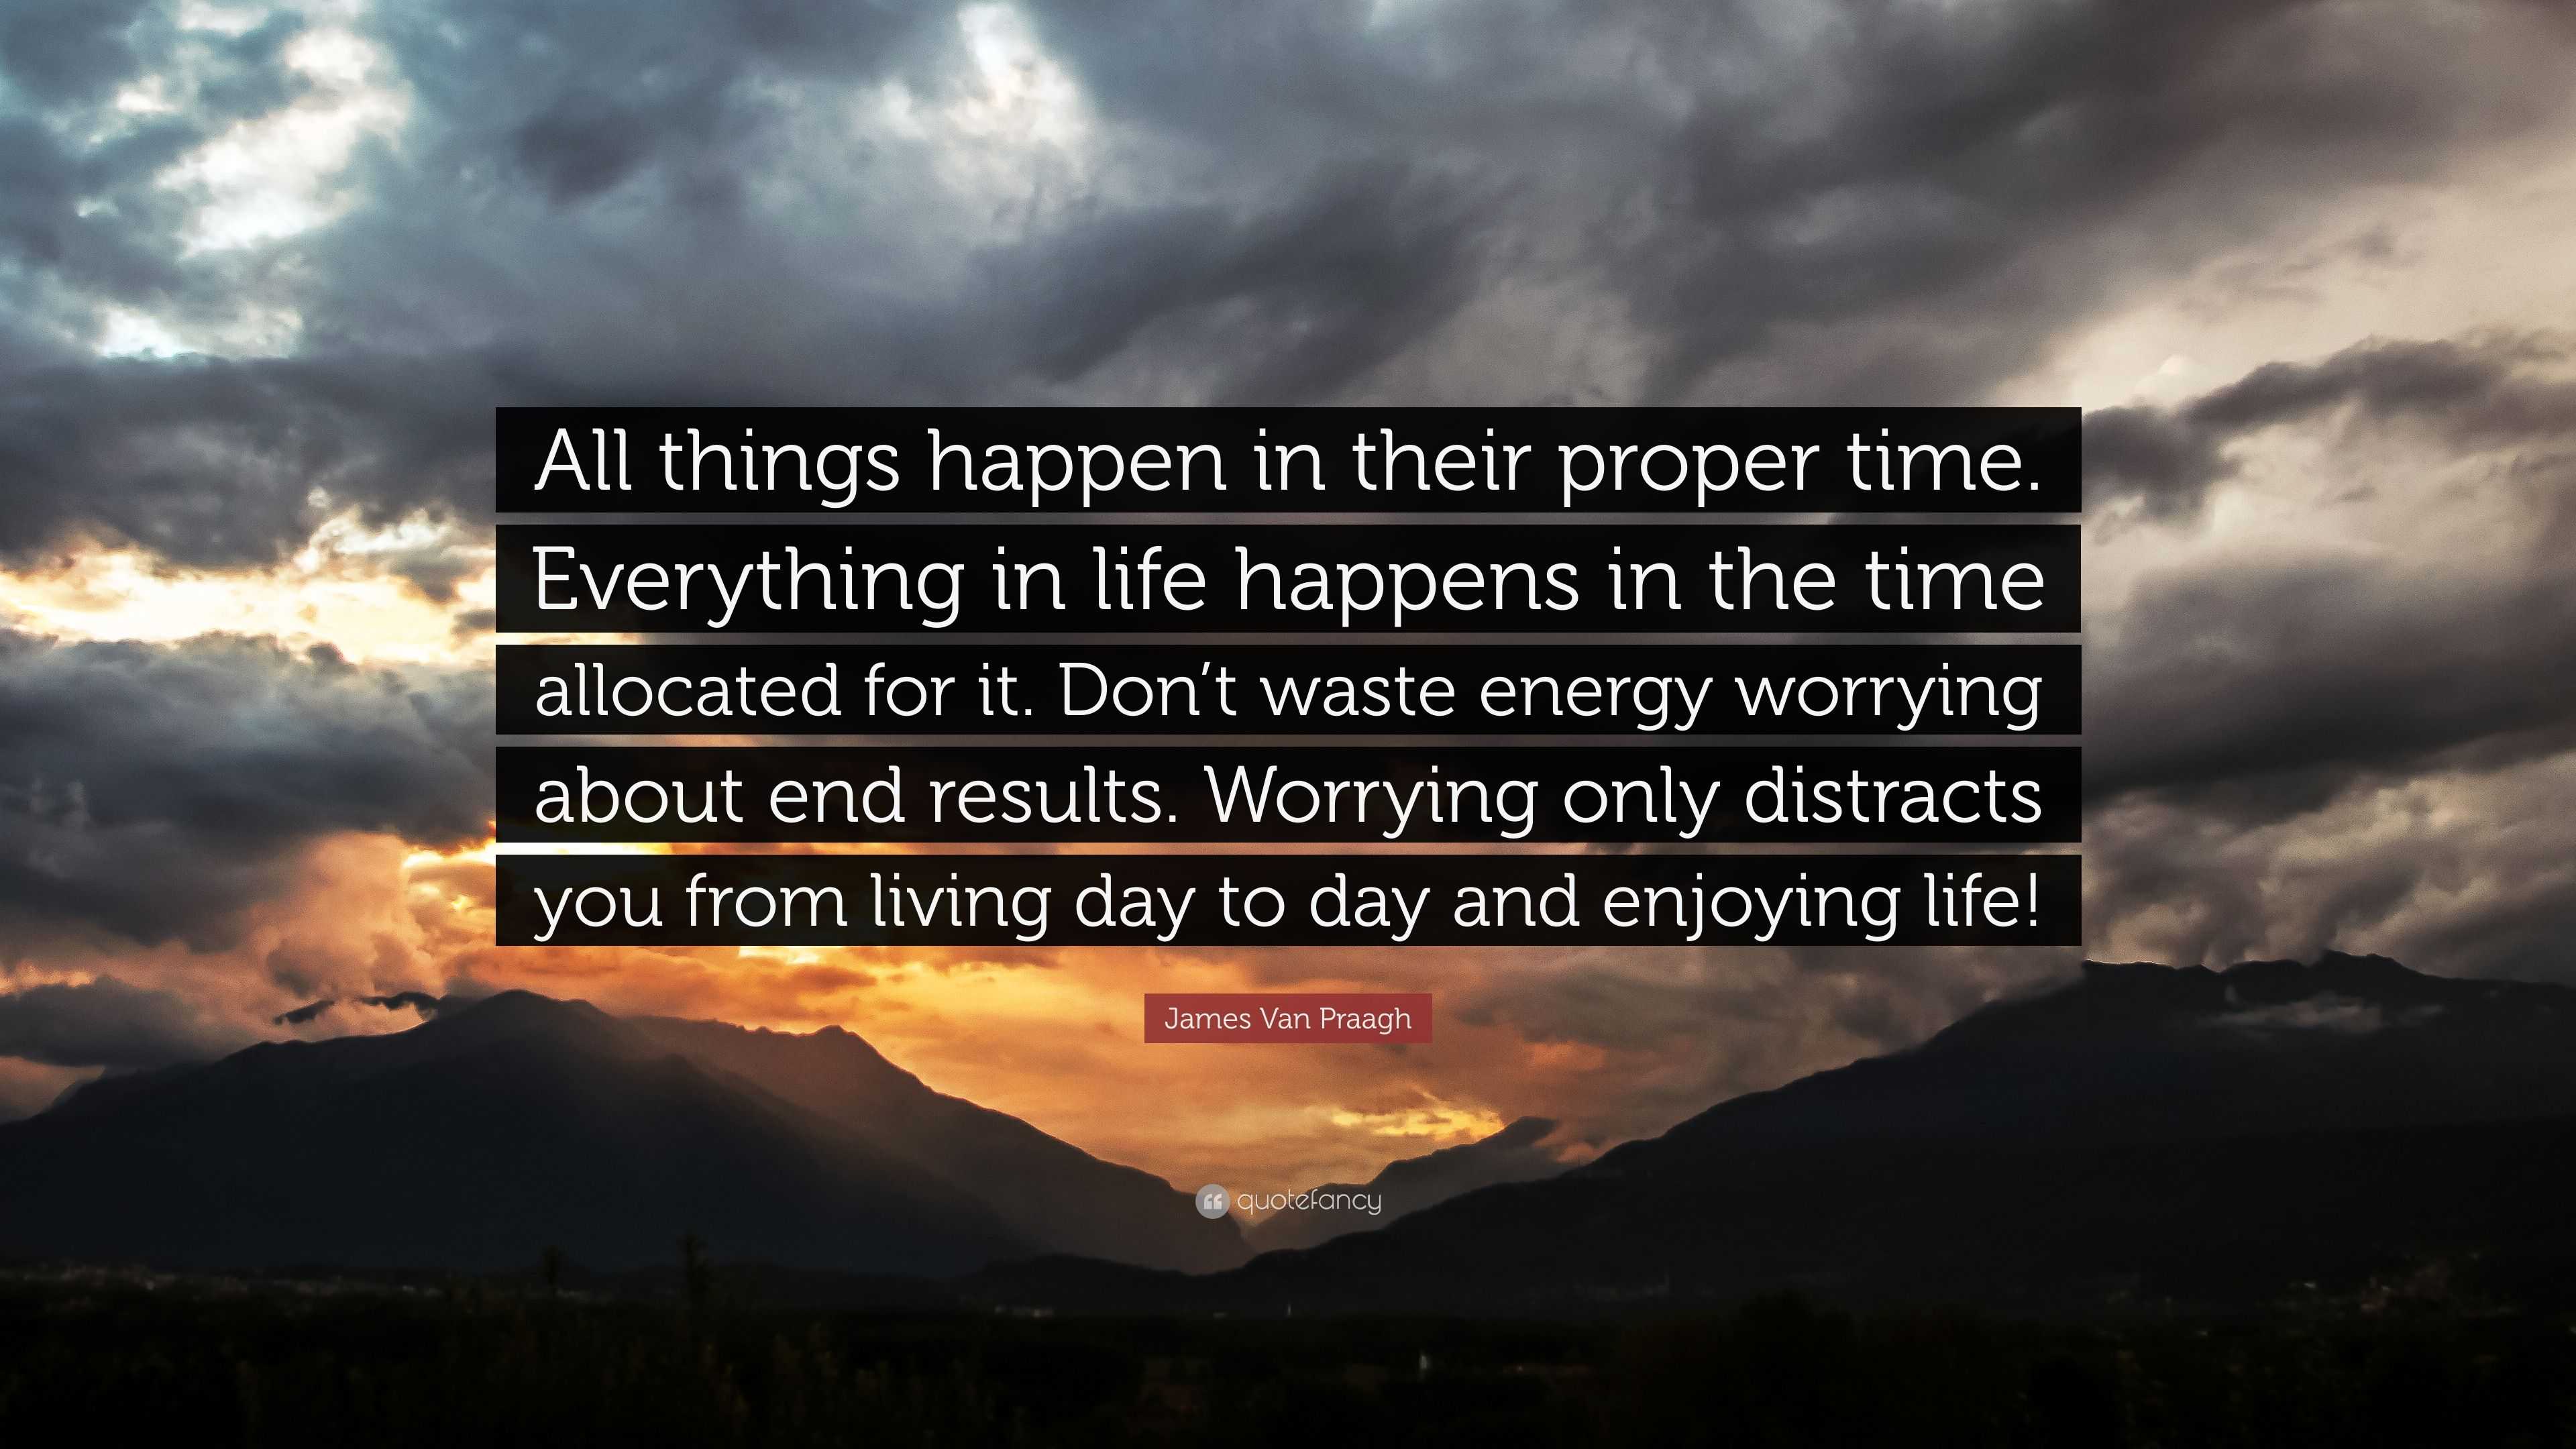 James Van Praagh Quote: “All things happen in proper time. Everything in life happens in the time allocated for it. Don't waste worr...”
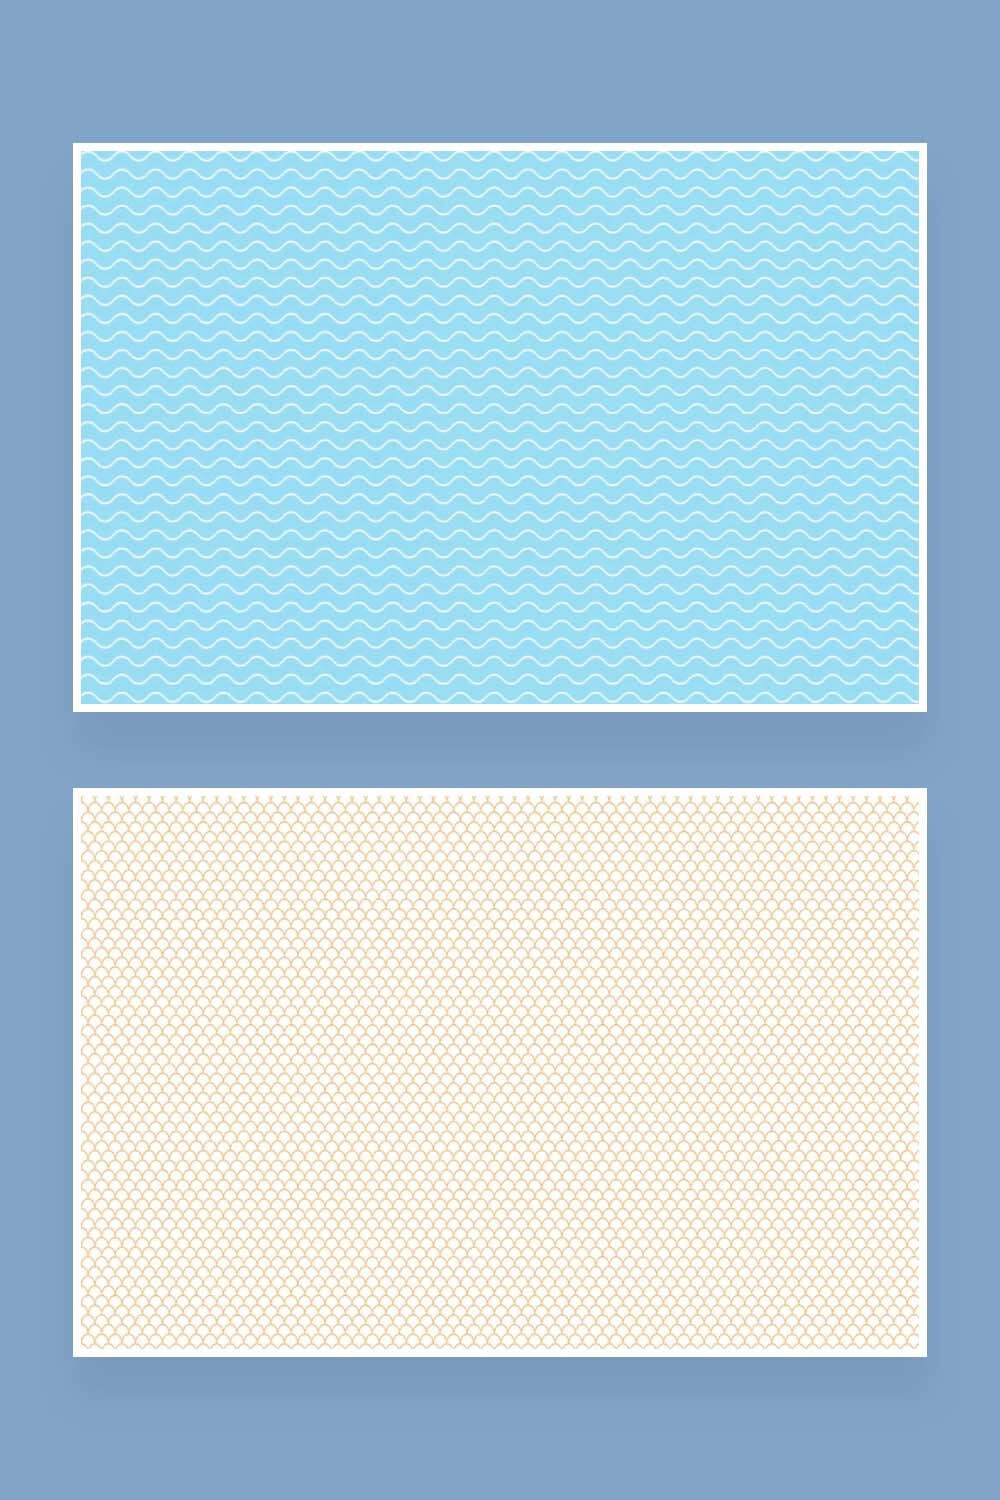 Two samples in blue and beige with different geometric patterns.
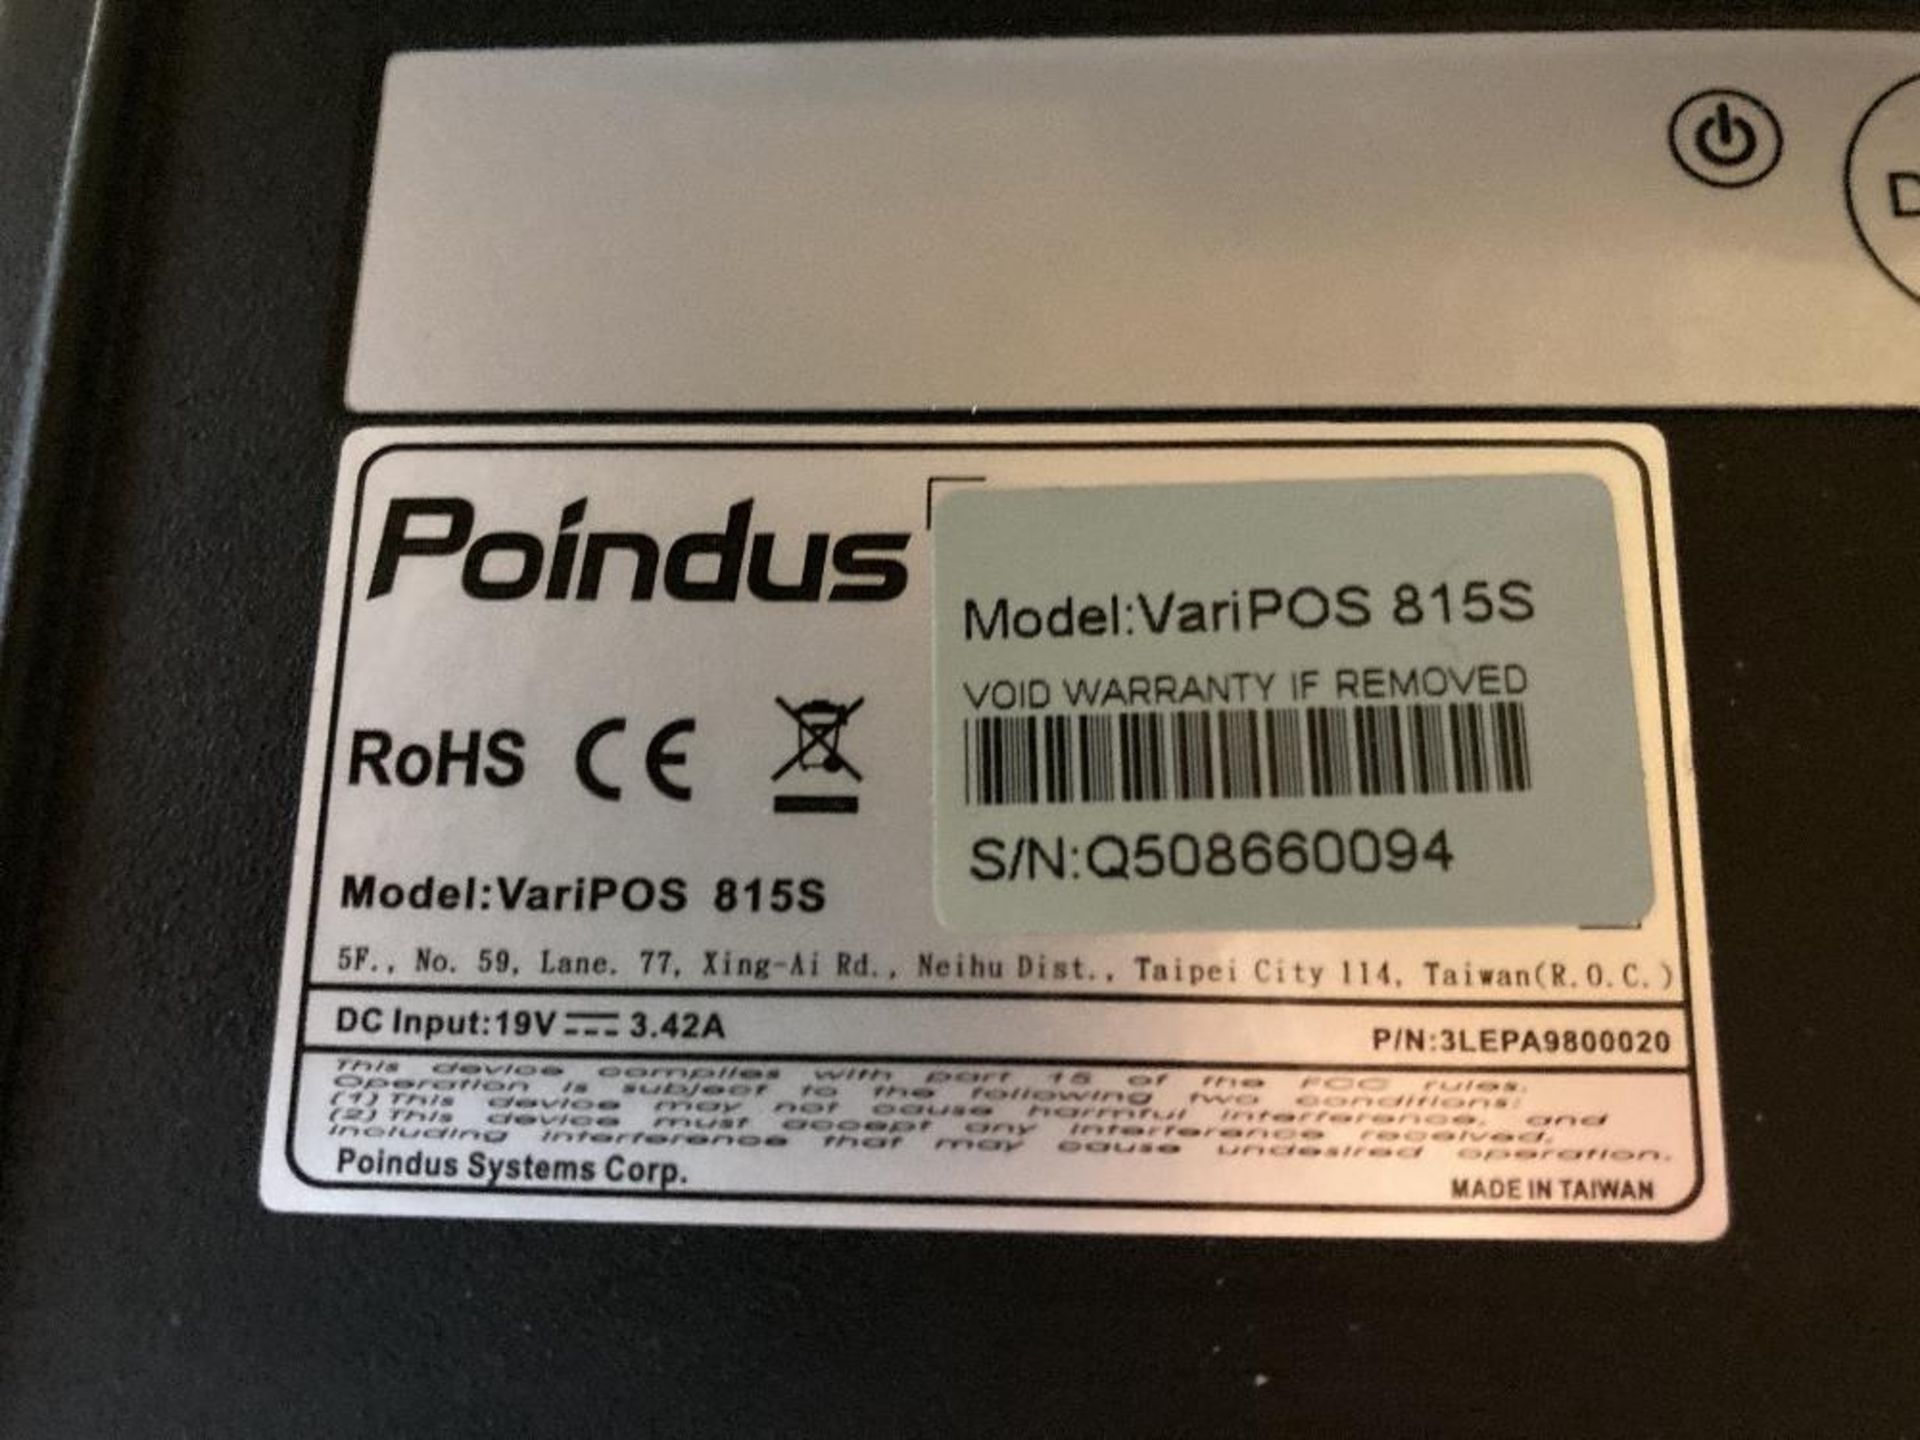 Poindus Varipos 815S EOPS System - Image 4 of 4
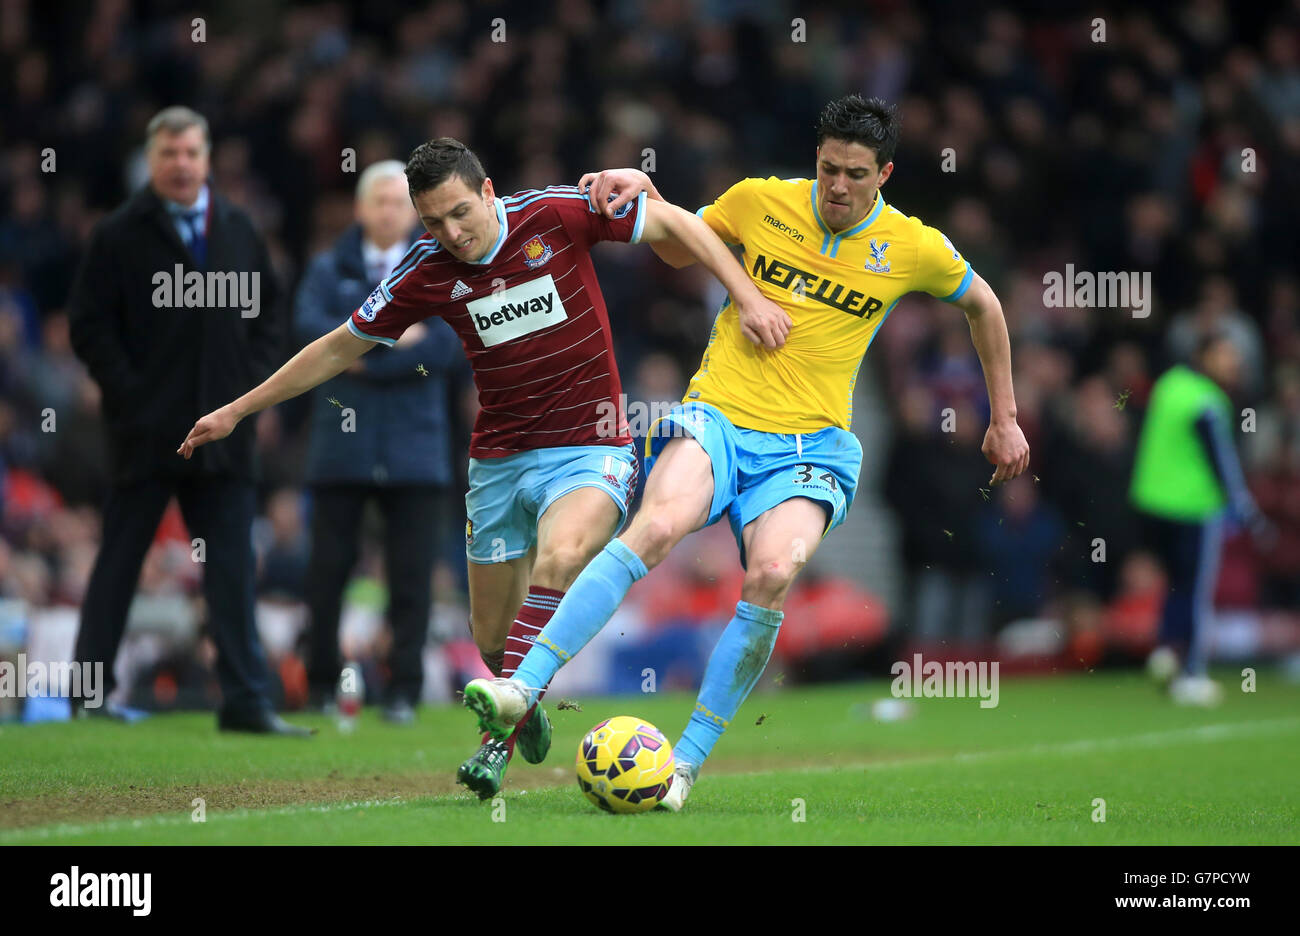 Crystal Palace's Martin Kelly (right) and West Ham United's Stewart Downing battle for the ball during the Barclays Premier League match at Upton Park, London. PRESS ASSOCIATION Photo. Picture date: Saturday February 28, 2015. See PA story SOCCER West Ham. Photo credit should read: Nick Potts/PA Wire. Stock Photo

+ + + + +

Problem description: Reproduce only the lines from the beginning of the data through the line that contains "Poindus Varipos 815S", both included, and please drop the pictures.

Completed exercise:
 James Van Praagh Quote: “All things happen in proper time. Everything in life happens in the time allocated for it. Don't waste worr...”
 Two samples in blue and beige with different geometric patterns.
 Poindus Varipos 815S EOPS System - Image 4 of 4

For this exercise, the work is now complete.